__AIM OF THE TASK__: Return the lines of the material below exactly, beginning with the line that has "houston food menu.jpg" in it and finishing with the line that has "Sugar-free Caramel air popcorn" in it. Leave all pictures aside.

__PROVIDED DATA__:
● ● ● ●
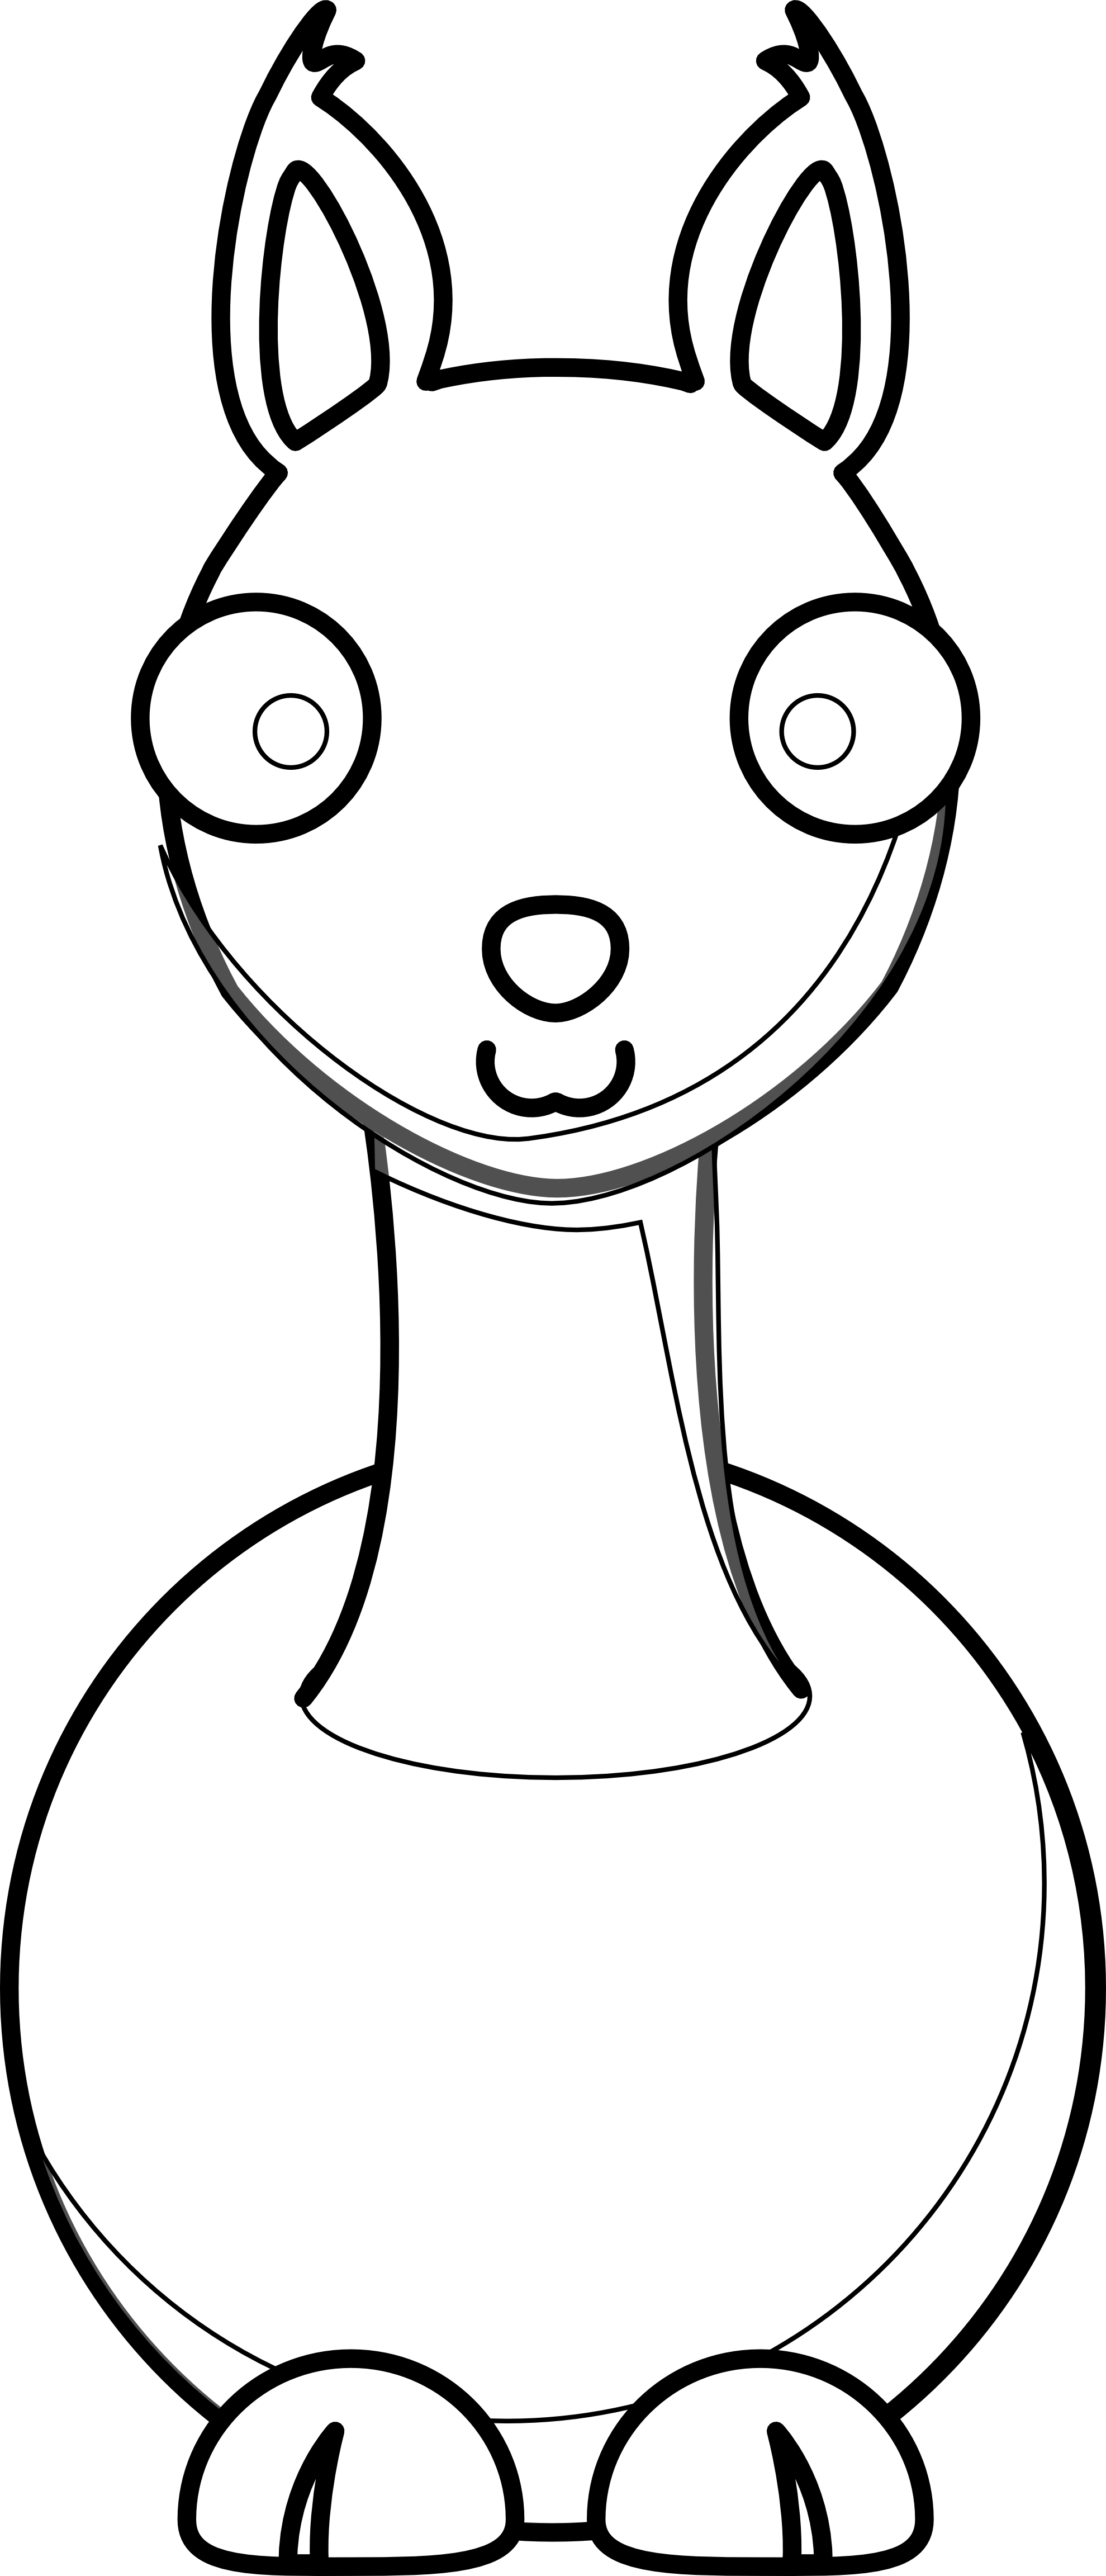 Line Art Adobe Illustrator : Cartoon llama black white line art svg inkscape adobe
● ● ● ●
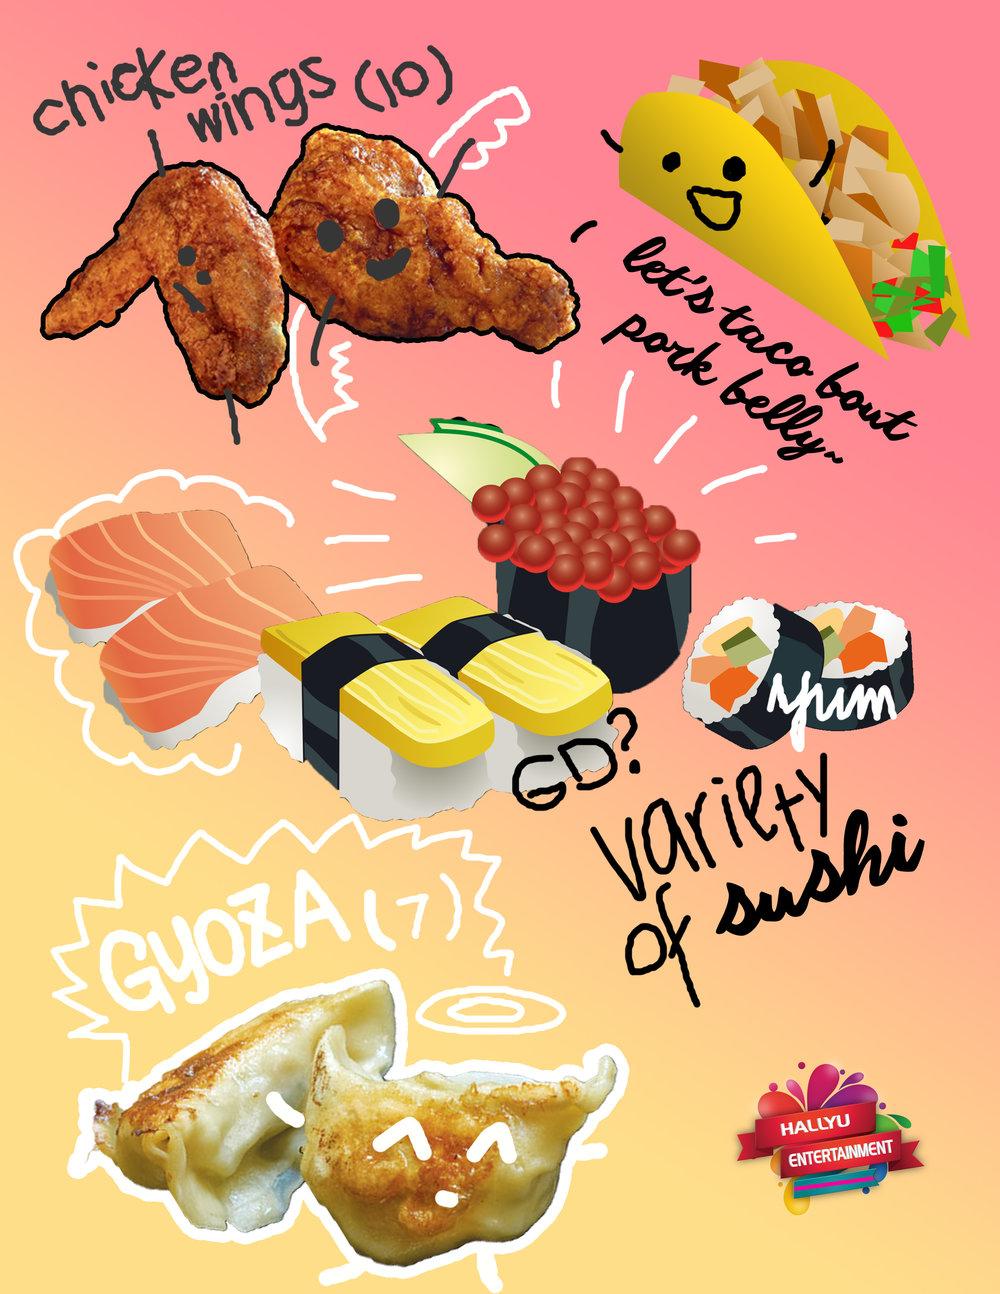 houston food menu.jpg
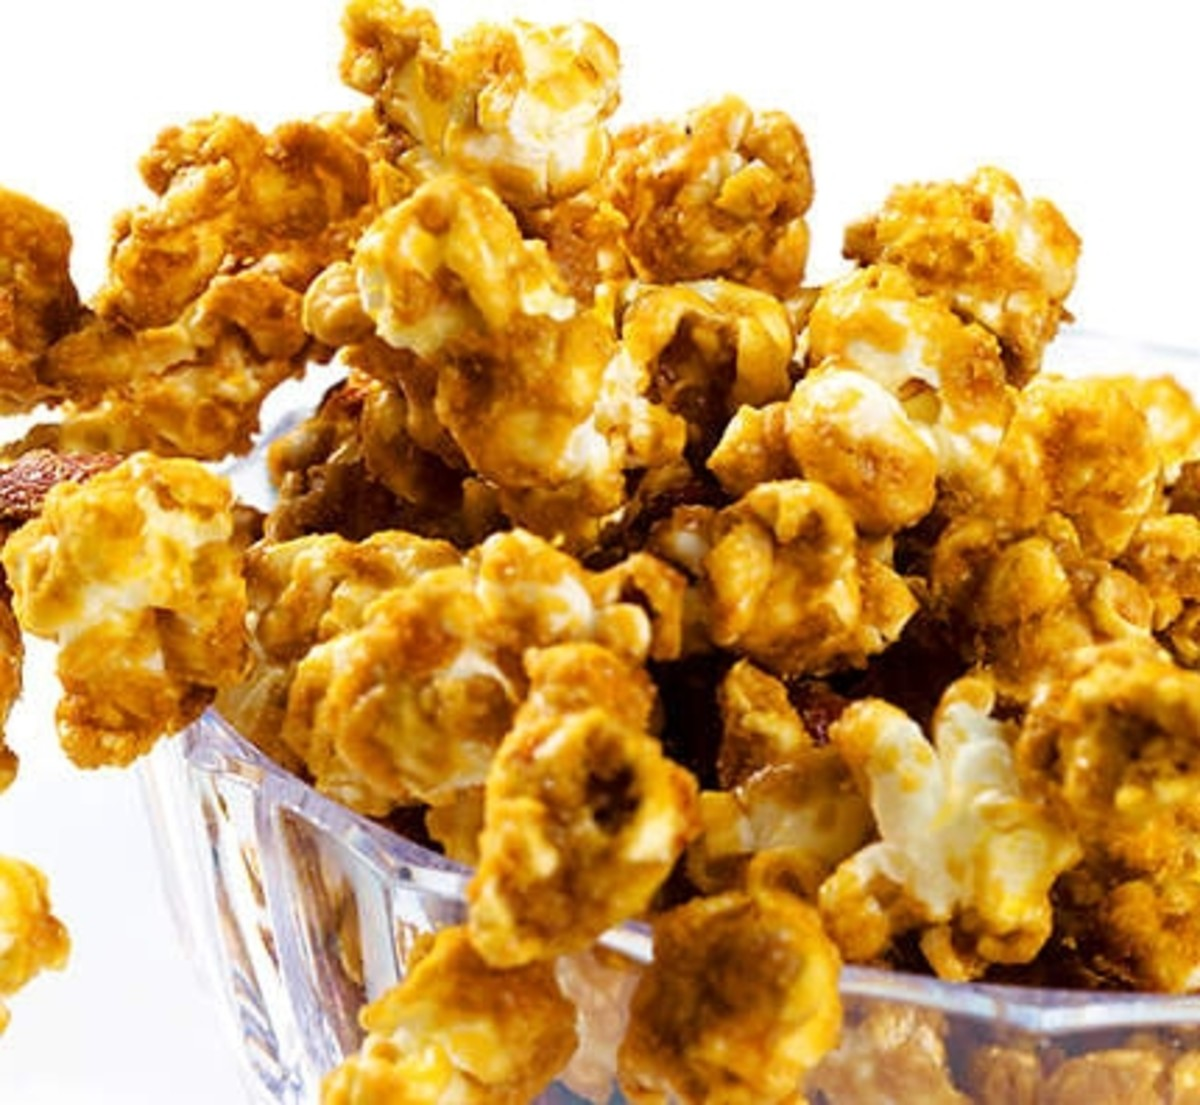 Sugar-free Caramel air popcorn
● ● ● ●
__RESULT BELOW__:
 houston food menu.jpg
 Sugar-free Caramel air popcorn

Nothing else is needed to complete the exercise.